_The input_
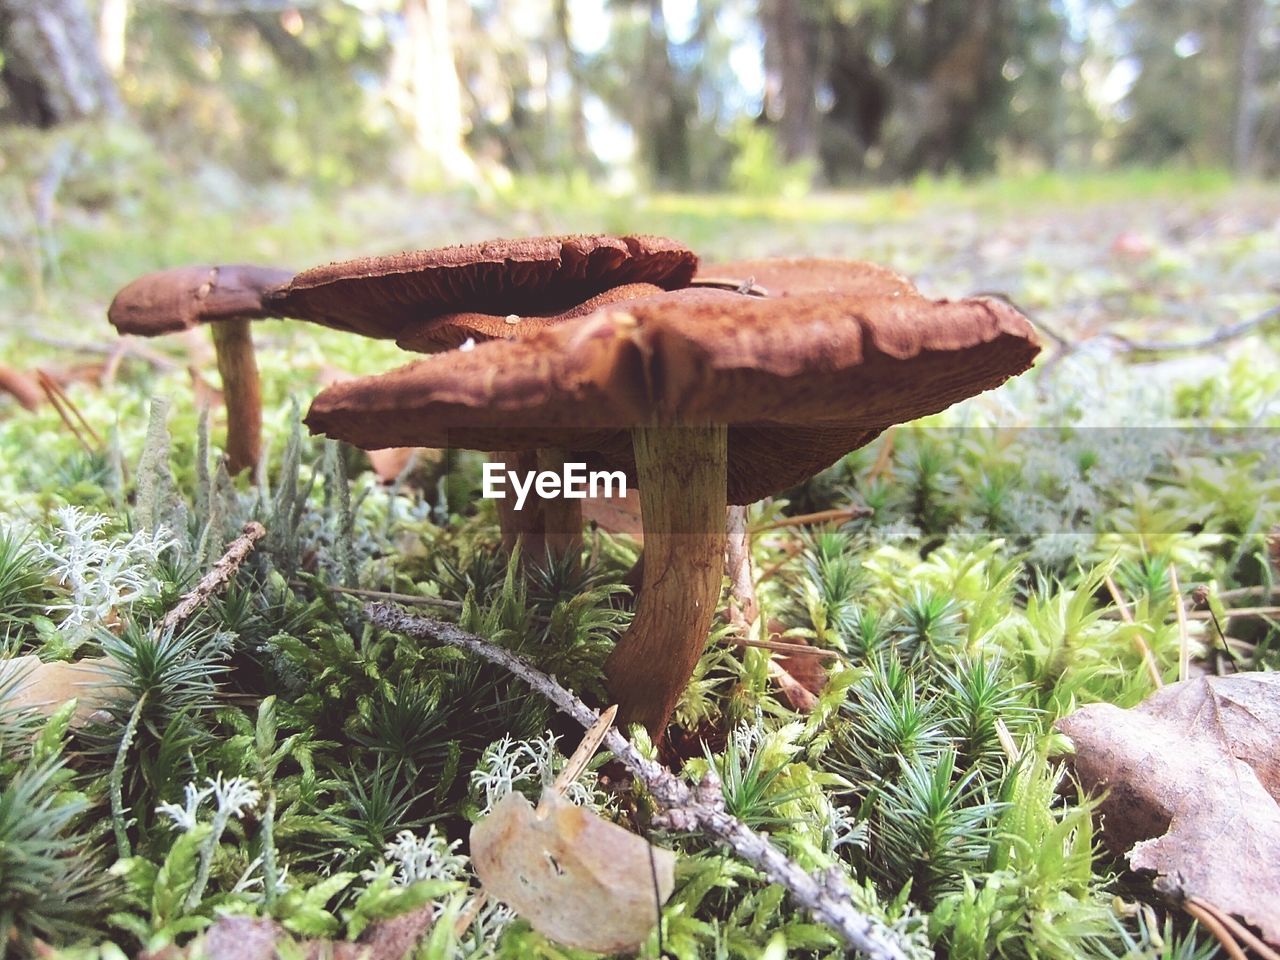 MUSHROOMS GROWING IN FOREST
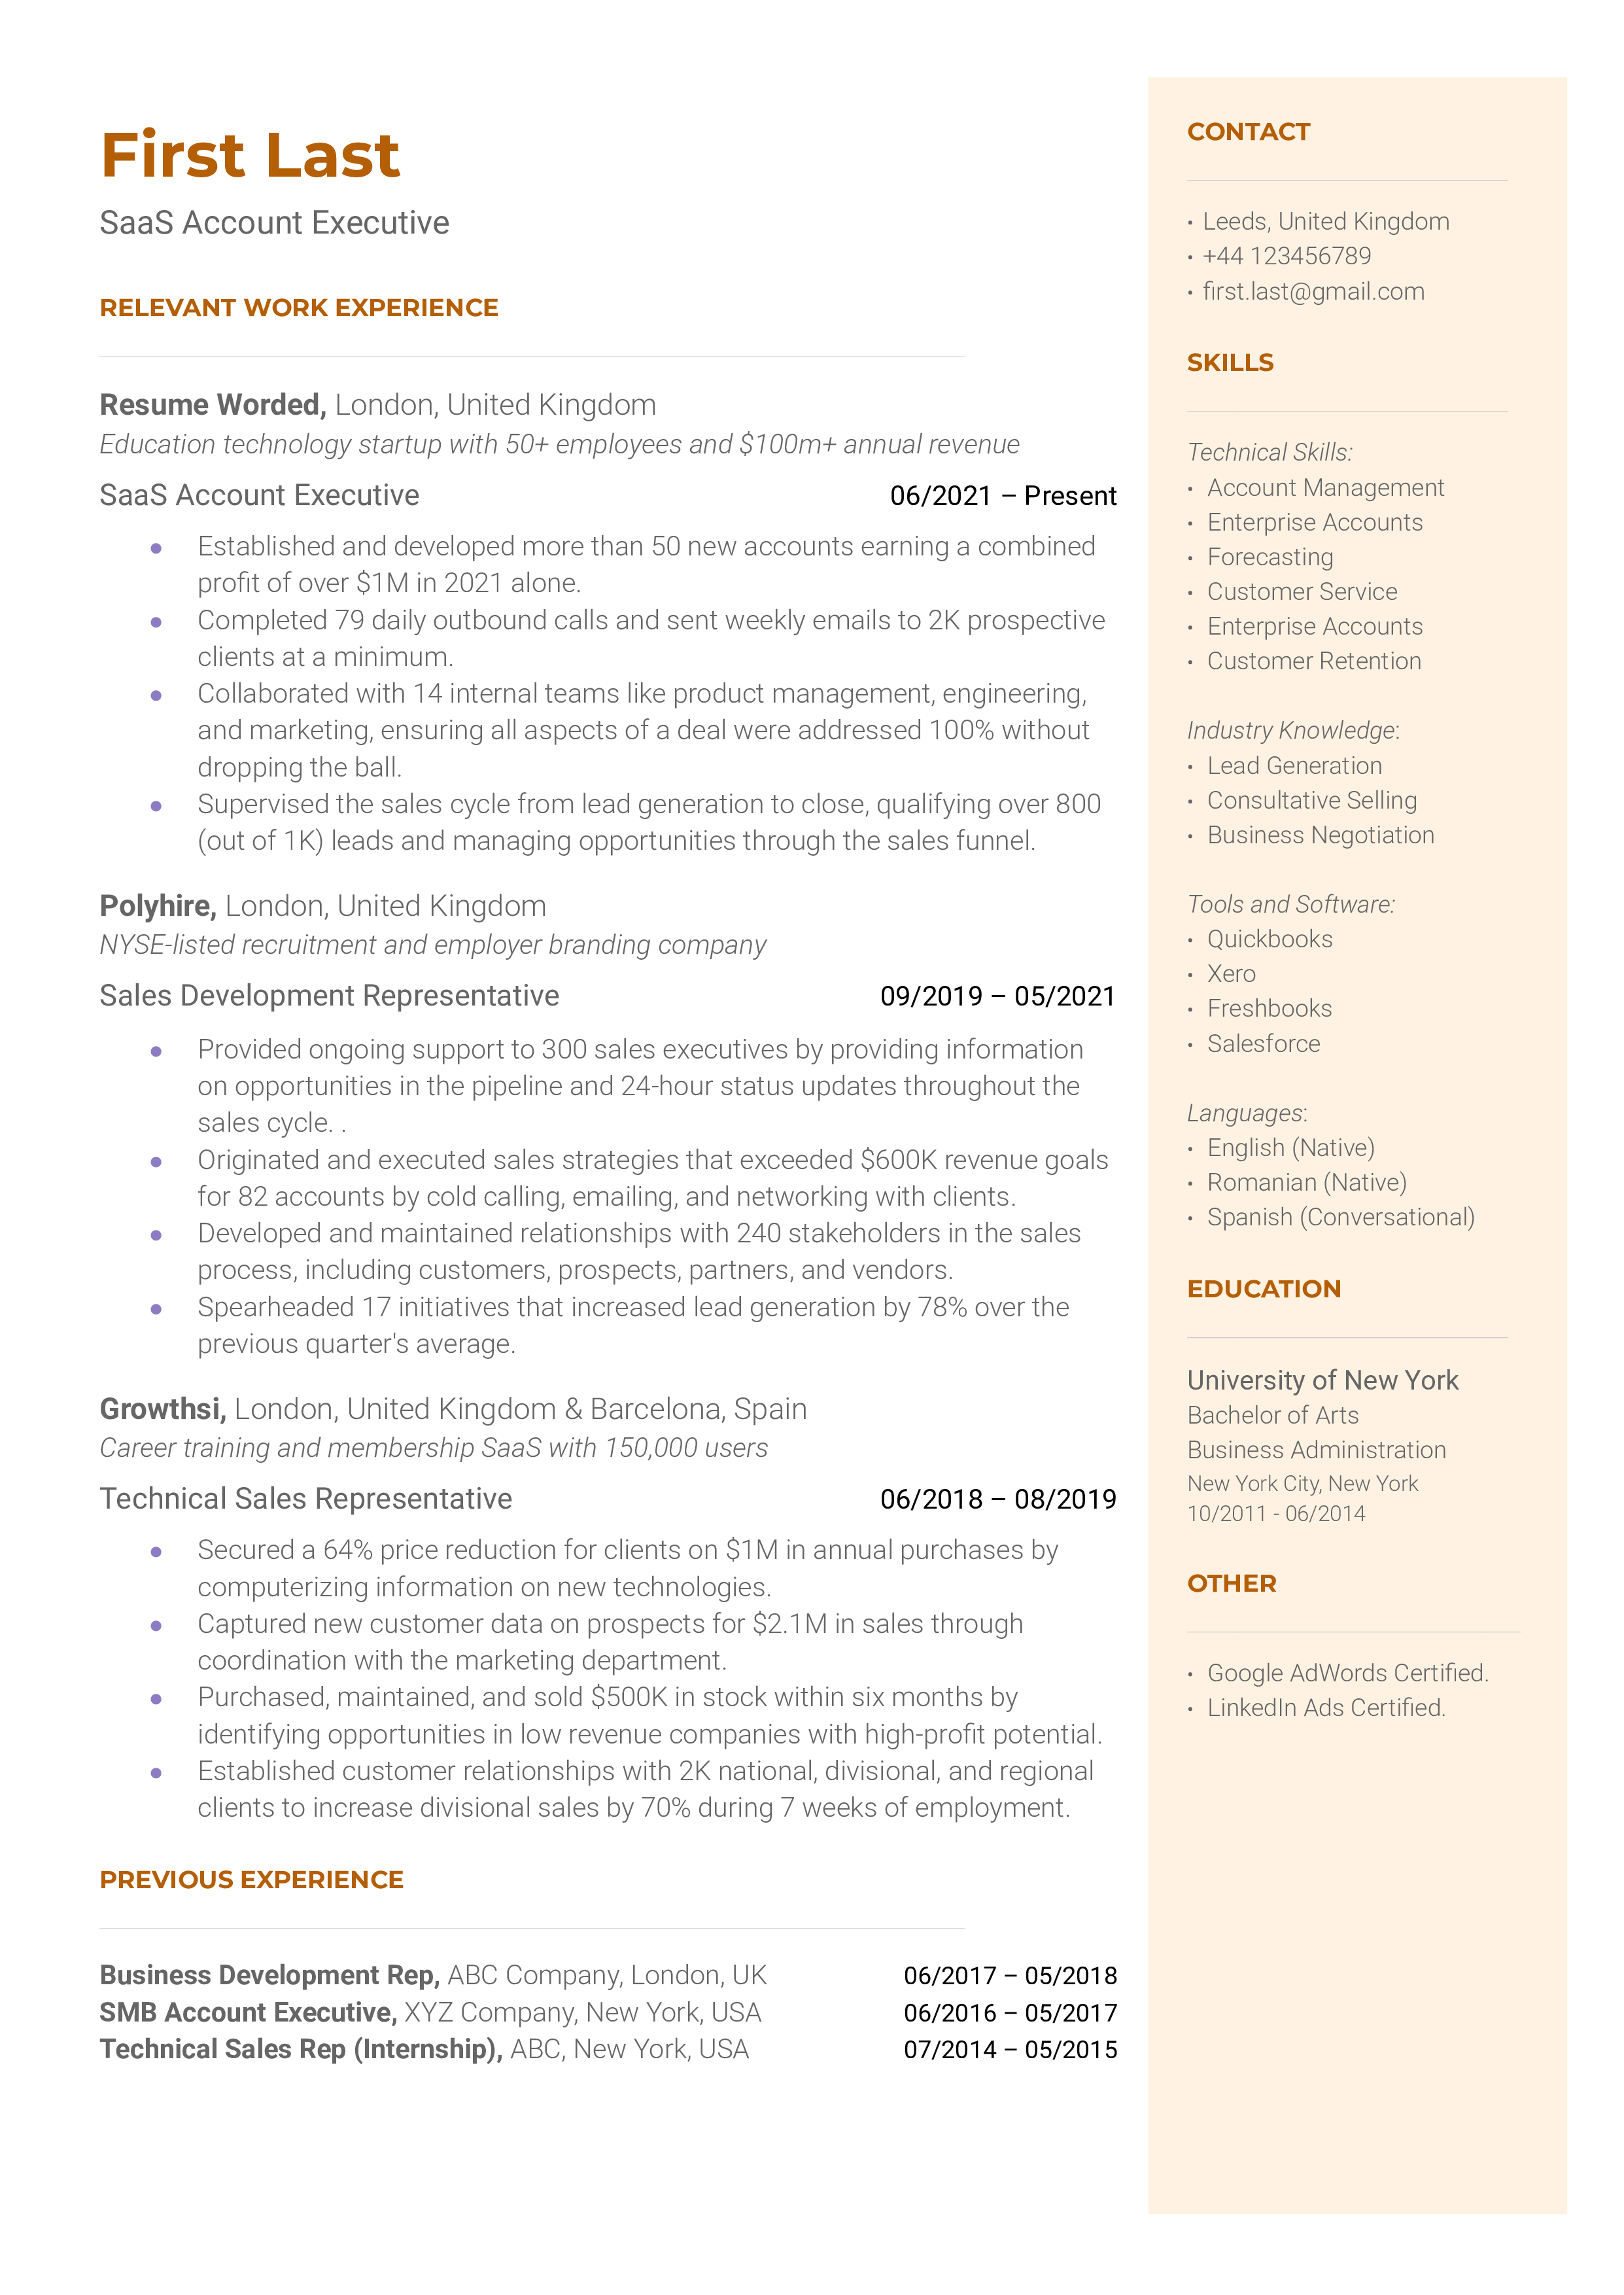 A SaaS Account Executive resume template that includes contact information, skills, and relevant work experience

==

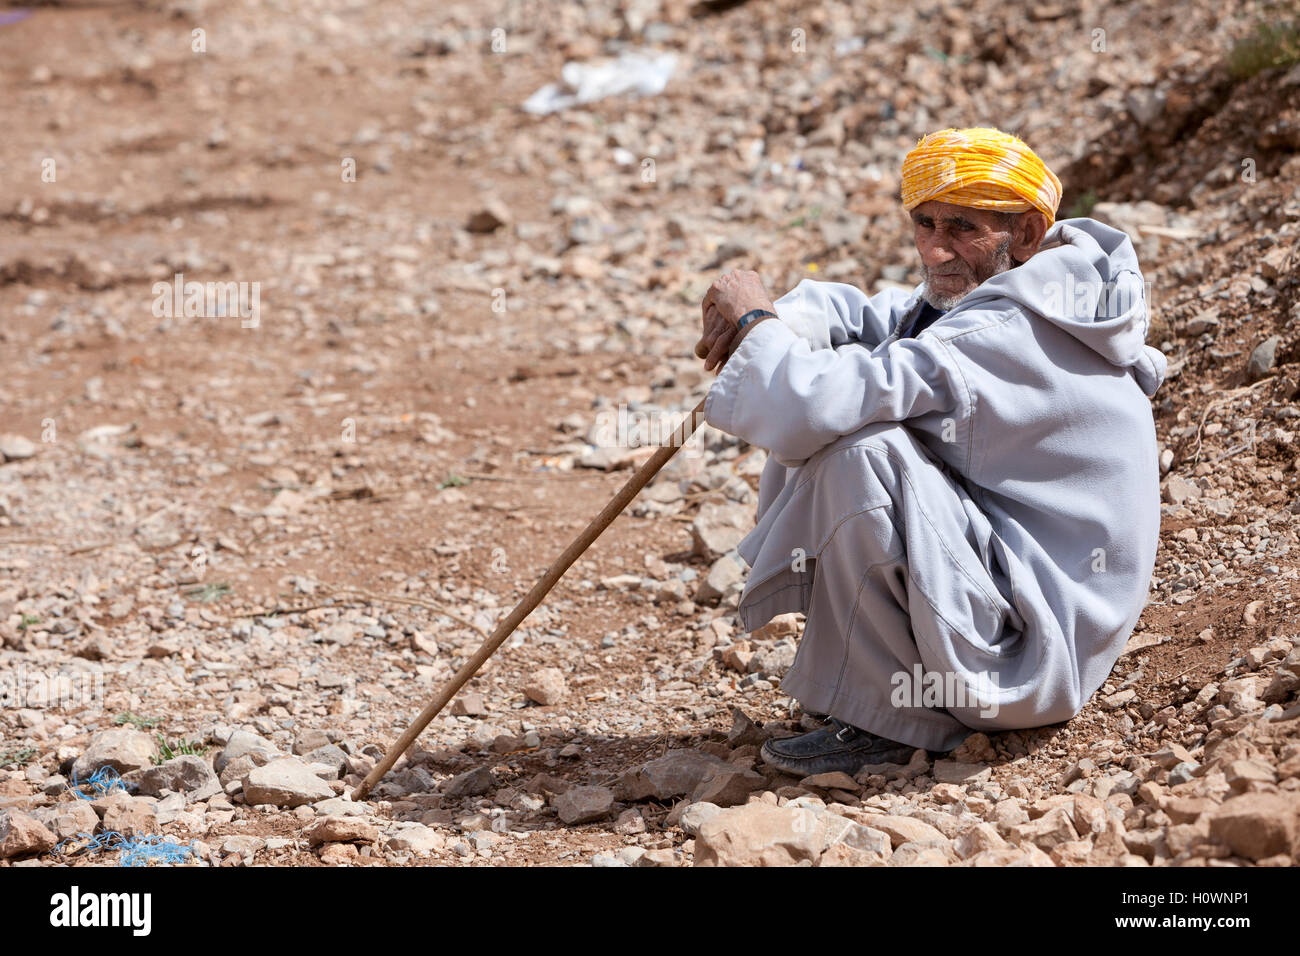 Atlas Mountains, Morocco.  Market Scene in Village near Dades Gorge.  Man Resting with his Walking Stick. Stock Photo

_Problem to solve_
Write back word for word every line in the entries above from the one with "MUSHROOMS GROWING IN FOREST" to the one with "A SaaS Account", ends included, and none of the pictures.

_Solution for this exercise_
 MUSHROOMS GROWING IN FOREST
 A SaaS Account Executive resume template that includes contact information, skills, and relevant work experience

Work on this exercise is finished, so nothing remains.